The Security Problem: Prompt Injection Is Still “Unsolved”

Willison’s caution centers on security, especially prompt injection—where an attacker manipulates the instructions or context an AI agent relies on, steering it toward unintended actions. He has argued this is not a solved problem, and the stakes rise when agents gain broad permissions and are trusted to change code, infrastructure, or policies without a human reading the diff. Removing code review also removes one of the most common “sanity checks” teams rely on.

Supporters of automation argue that better testing, simulation, and policy enforcement can replace human review. That may be true in narrow cases, but the research available here does not provide long-term performance metrics, incident rates, or independent audits of dark-factory pipelines. The limited public data means readers should distinguish between “a pattern that exists” and “a pattern that is proven safe at scale,” especially for systems that affect finances, healthcare, transportation, or national security.

Who Gets Hit First: Mid-Career Engineers and Compliance-Heavy Teams

Willison’s analysis suggests mid-career engineers face the most immediate disruption because their day-to-day work often sits between junior execution and senior architecture. If AI agents can reliably convert specs into working code, the labor market could reward fewer builders and more designers, validators, and security specialists. That doesn’t mean software jobs vanish, but it does mean the job description shifts—potentially fast—toward systems thinking and process control.

For regulated industries, the tension could be sharper. Compliance frameworks often assume traceable human decision-making, documented reviews, and clearly assigned accountability. A dark-factory workflow can be designed to log everything, but logging is not the same as judgment. If the process becomes “a black box that turns specs into software,” oversight moves upstream: who wrote the spec, who approved the permissions, and who can stop the pipeline when something looks off?

What Conservatives Should Watch: Accountability, Concentrated Power, and Resilience

The politics here aren’t left-versus-right so much as citizen-versus-system. A future where critical software is built and updated by autonomous agents raises hard questions about transparency and control—especially when government contractors and large platforms adopt the same tooling. Limited government and individual liberty depend on systems that can be audited, explained, and challenged. If decision-making becomes too automated to understand, power concentrates in the hands of whoever owns the models, data, and deployment switches.

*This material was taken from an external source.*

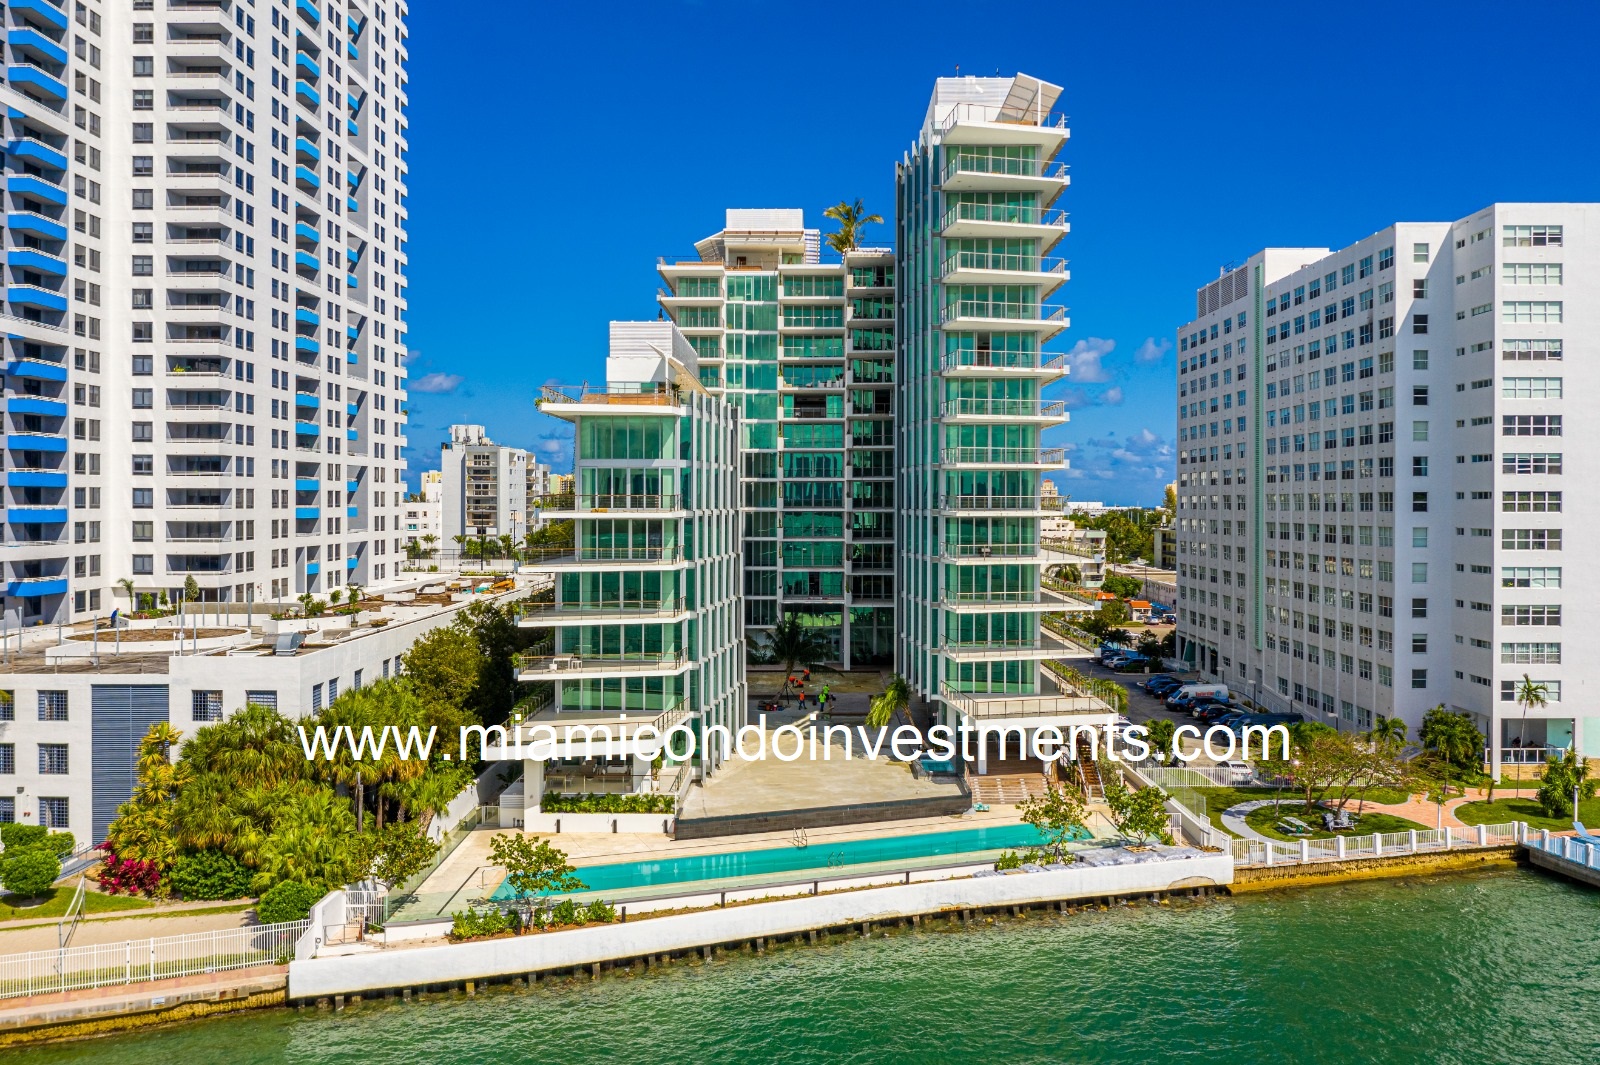 Monad Terrace Miami Beach

I asked @simonw what the next leap in AI software engineering is likely to be.

He explained the "dark factory" pattern where teams don't write any code or even look at their code. https://t.co/LWQPeaxml9 pic.twitter.com/2SmKC8bH4i

— Lenny Rachitsky (@lennysan) April 3, 2026

Based on the current research, the most grounded takeaway is not panic, but scrutiny. Dark factories are real in at least small-team form, and the incentives to scale them are obvious. The unresolved part is whether security and governance can keep pace once humans are removed from review loops. Until stronger evidence emerges—metrics, audits, and clear accountability structures—Americans should demand that any high-impact deployment keeps explainability and human responsibility in the chain.